Last of the Cold War Spies: The Life of Michael Straight by Roland Perry

Conservatives in the United States has always considered liberals unpatriotic at best, but more likely traitors to the American way. On talk radio and Fox News, talking heads like Bill O’Reilly and Rush Limbaugh excoriate the media on a daily basis for its “liberal bias”. When a Republican candidate seeks to tar a centrist Democrats with a pejorative term, he calls his opponent a “liberal”. Anne Coulter even recently wrote a book called Treason: Liberal Treachery From the Cold War to the War on Terror. By the beginning of the 21st century “liberal” had become a dirty word, and not only on the Right. And for this we can thank Michael Straight.

Who was Michael Straight? Born into money, he spent his adult life jet setting around the globe, hobnobbing with the rich and powerful. He served in government under Franklin Roosevelt in the 1940s, edited the prestigious liberal magazine the New Republic in the ’50s, partied with the Kennedys in the ’60s and, despite his liberal background, worked for President Richard Nixon in the National Endowment for the Arts. He even wrote three novels. His life couldn’t have been more interesting if Ian Fleming had penned it. Which, in fact, it could have been, since today, Straight is mostly remembered for being a Soviet spy.

Straight was a member of the infamous espionage ring known as the Cambridge Five. While studying at Cambridge, Straight was recruited by the USSR and after graduation his Soviet control sent him to the United States to begin his life as a spy. Straight later claimed he broke with Russia in 1942, but he didn’t turn himself into the FBI until 1963.

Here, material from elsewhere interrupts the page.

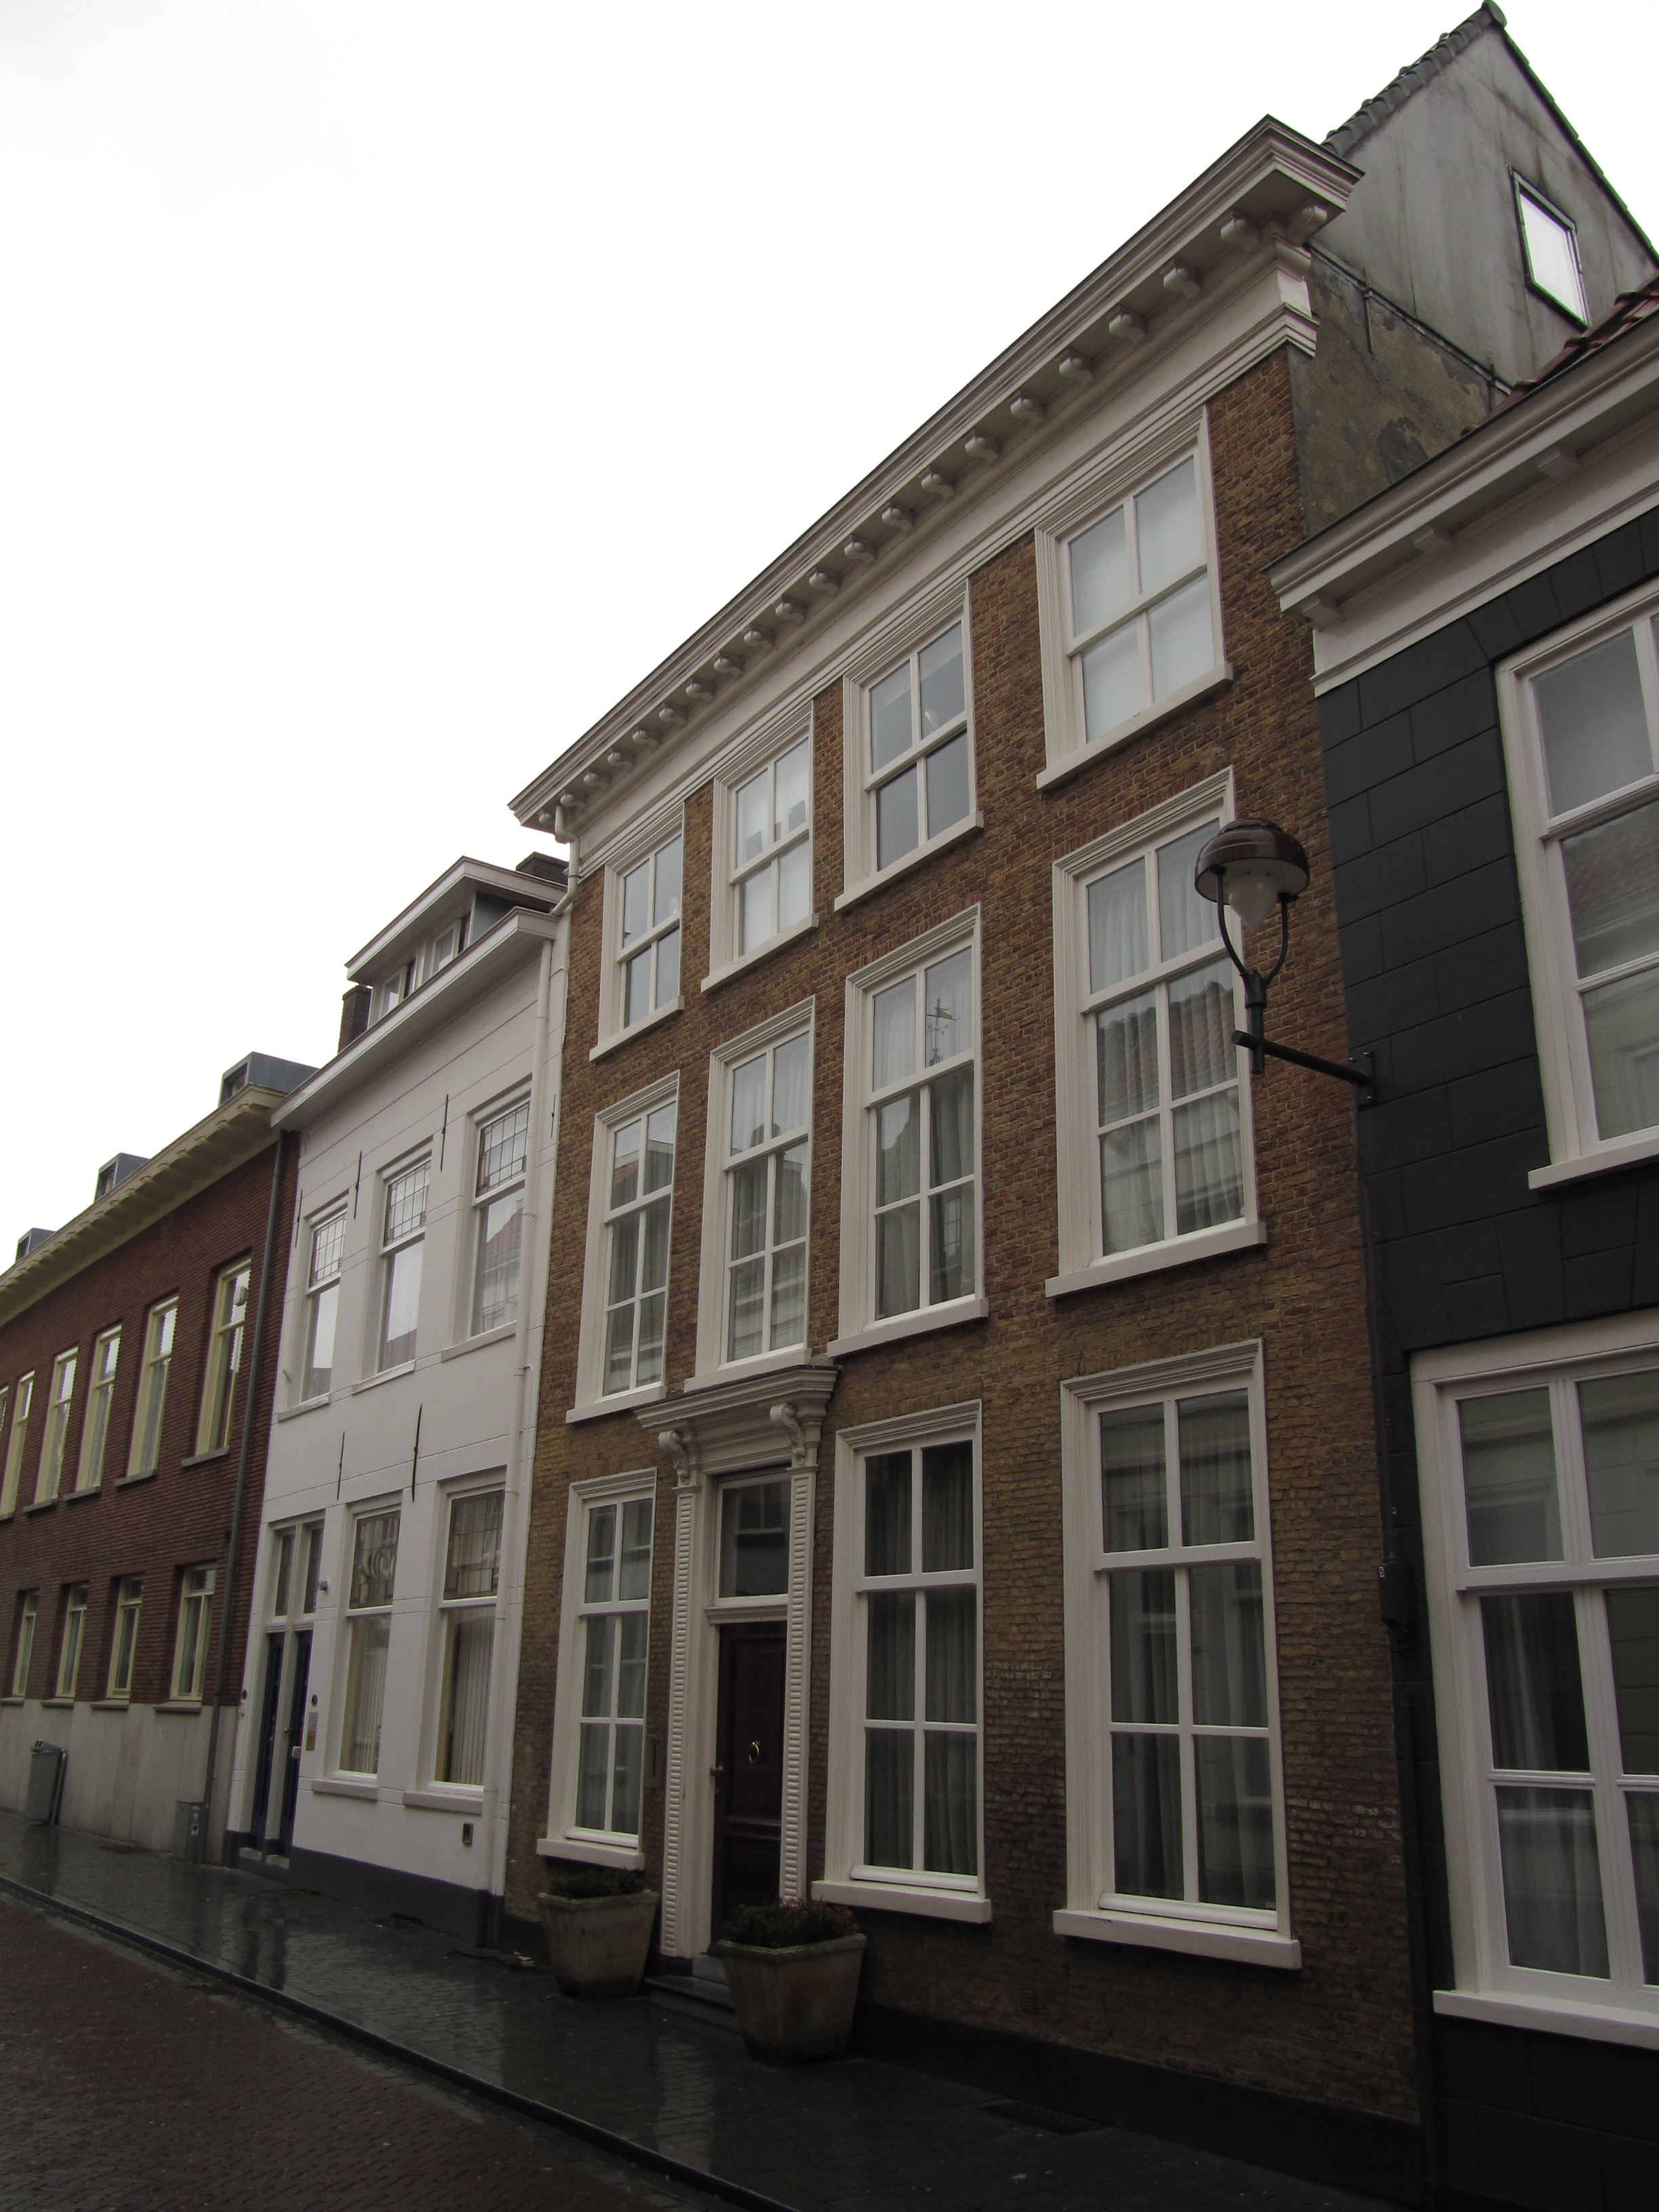 Huis met ontpleisterde lijstgevel en met pilasters en kroonlijst versierde ingang in bergen op - Huis ingang ...
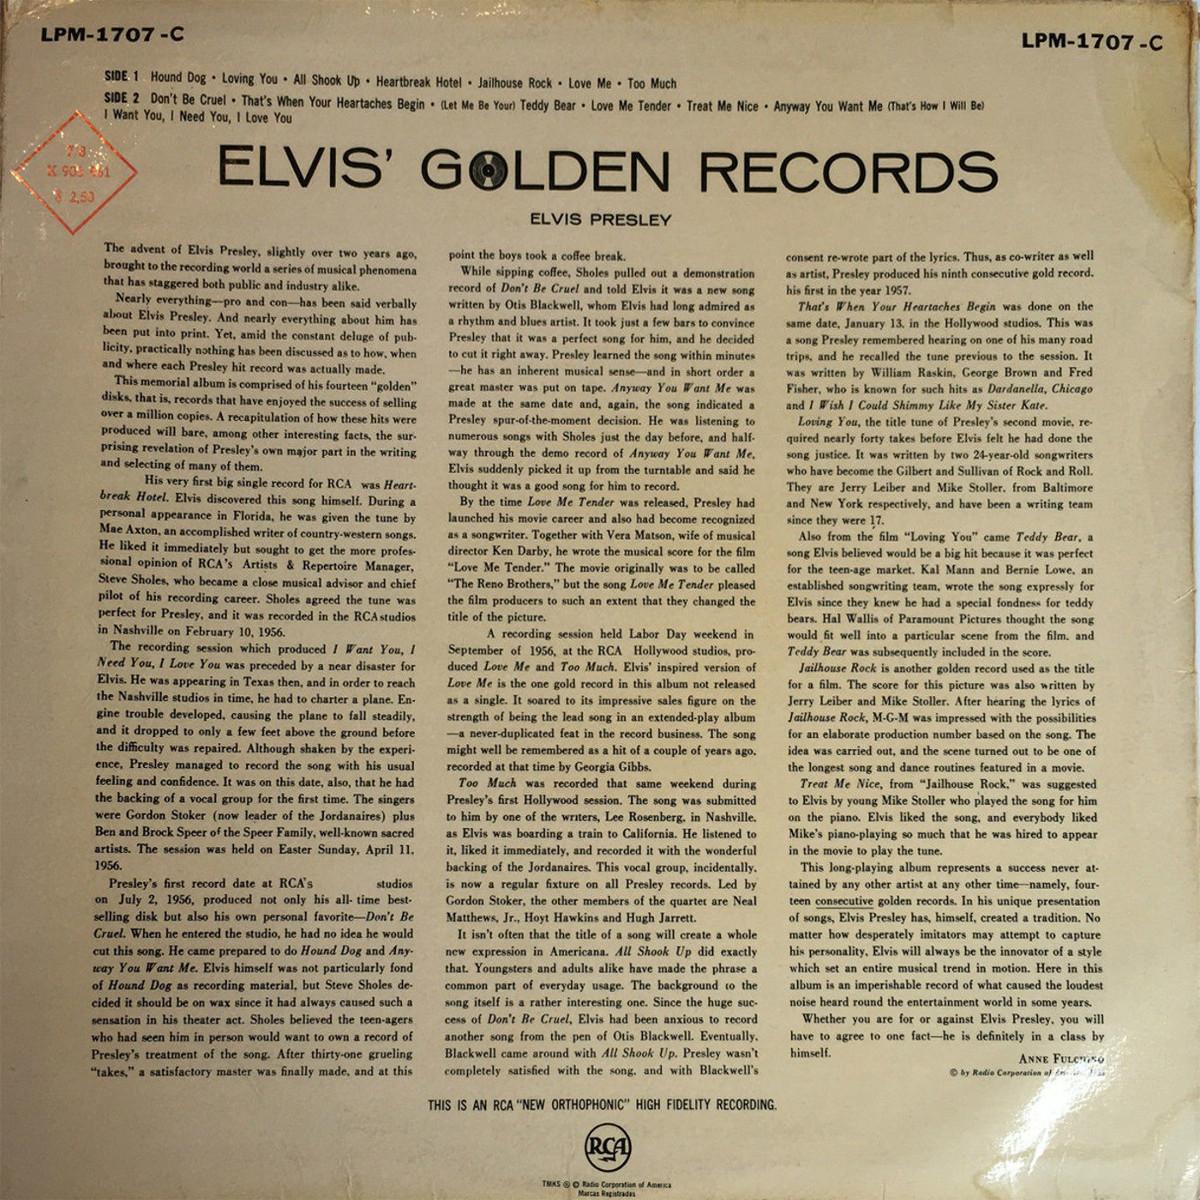 ELVIS' GOLDEN RECORDS 1275yxwx

In Last of the Cold War Spies: The Life of Michael Straight, Australian journalist Roland Perry sets out to prove that Straight’s 1963 confession was a lie. The book is billed as a simple biography, but his true goal is to prove definitively that Straight’s entire resume is a scam, every job a cover to protect his secret life. Like a prosecutor desperate to make a case, Perry works backwards from a presumption of guilt.

Perry lacks hard evidence and what proof does exist usually favors Straight’s claim. Following the collapse of the USSR in 1989, KGB and GRU documents were made available to Western researchers from the Soviet archives. Though incomplete and often obtained in a manner frowned upon by academics — publishers often paid hard currency for access and some authors refused to share the documents — the papers filled in many details about Cold War-era espionage. In The Haunted Wood, a book based on access to one trove of documents, Allen Weinstein and Alexander Vassilev claim that documents show Straight did break with the Soviets in 1942. This would seem to be incontrovertible proof that Straight was telling the truth all along.

But trivial matters like documents never stand in the way of Perry and his target. In his preface he writes: “Many espionage writers rushed for Moscow gold and collaborated with KGB agents to create works that were dependent on what was supplied by Russian intelligence.” He even refers to these books and articles as “a gigantic KGB con”, with the intelligence agency supplying only what the West already knew along with heaping topping of disinformation. He could be referring to The Haunted Wood, which has been criticized extensively, though mainly by the left. With this maneuver, Perry can continue his persecution, but it is up to the reader to decide if a reasonable doubt has been raised.

There is no smoking gun, so Perry examines each phase of Straight’s life and sees dastardly deeds wherever he treads. Donations to the ACLU? Civil liberties benefit the USSR by easing the way for spies. Money given to Amnesty International? Straight bought the Soviets influence in the organization. By the end of the book, Perry’s paranoia comes to rival that of John Jesus Angleton, the notorious counter-espionage chief at the CIA who saw spies in every dark corner and behind every door. Straight’s confession was good enough for Nixon — “Well, he’s on our side now,” was the former President’s take when informed of Straight’s espionage activities — but not, it seems, for Perry.

Only in the example of the defector Walter Krivitsky, a former Soviet agent who possessed information regarding the Cambridge ring, does Perry’s provide riveting evidence. In 1941, Krivitsky was found dead in his hotel room, likely murdered by Stalin’s hit men. Perry shows that Straight worked in an office at the State Department near the agent in charge of Krivitsky and was in position to pass the information on. Three days after Krivitsky’s death, Straight left his government position to become editor of the New Republic.

Last of the Cold War Spies only comes alive in moments like this, when Perry has a story to tell. His chapters on Krivitsky read like passages from a lost LeCarre novel. His recounting of Anthony Blunt’s trip to Germany following the end of World War II to retrieve papers that could incriminate the English Royal Family could be straight out of Evelyn Waugh. Unfortunately, the rest of the book bogs down in could haves and might haves.

Perry clearly sees Straight as a man of pure evil and he is unable to provide any hint of Straight’s motivation beyond his desire to serve the Soviets. It’s clear that there was more to him than an urge to do commit acts of treason. Where is Straight, the man? He’s nowhere to be seen in Last of the Cold War Spies.